The proposal was completed and was submitted to the UL 2157/UL 2158 Standards Technical Panel (STP) for review, comment and balloting for inclusion in these two laundry appliance standards. It is expected that these proposed requirements will be published in the next couple of years.
Using the output of UL’s research project to positively impact a UL Safety Standard and working with an industry task group have proven to be effective means to propose a change in requirements that are intended to increase the level of safety in these two UL Standards.
Alternative Applications
The proposed ventilation test method discussed above may also be applied to products other than laundry appliances.

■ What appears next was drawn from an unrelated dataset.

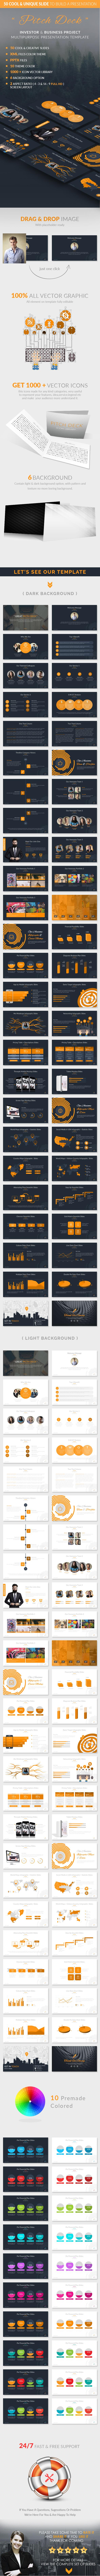 PITCH DECK - Multipurpose Presentation Template - Creative PowerPoint Templates

If there is product that includes a risk of child entrapment and suffocation, this requirement could be used to determine the amount of ventilation provided by that product.
For more information or questions regarding this topic, please contact Darrin Conlon at [email protected].
[1] Julia A. McMillan MD and Ralph David Feigin MD, Oski's Solution: Oski's Pediatrics: Principles and Practice, Fourth Edition, Apr 17, 2006, Ch 14 “Feeding the Healthy Child”
[2] http://www.cdc.gov/growthcharts/
[3] http://hyperphysics.phy-astr.gsu.edu/hbase/biology/metab.html
[4] Purser D.A. Assessment of Hazards to Occupants from Smoke, Toxic Gases and Heat. The SFPE Handbook of Fire Protection Engineering 4th ed), DiNenno P.J (ed.), National Fire Protection Association, Quincy, MA 02269, 2009, pp. 2/96 – 2/193.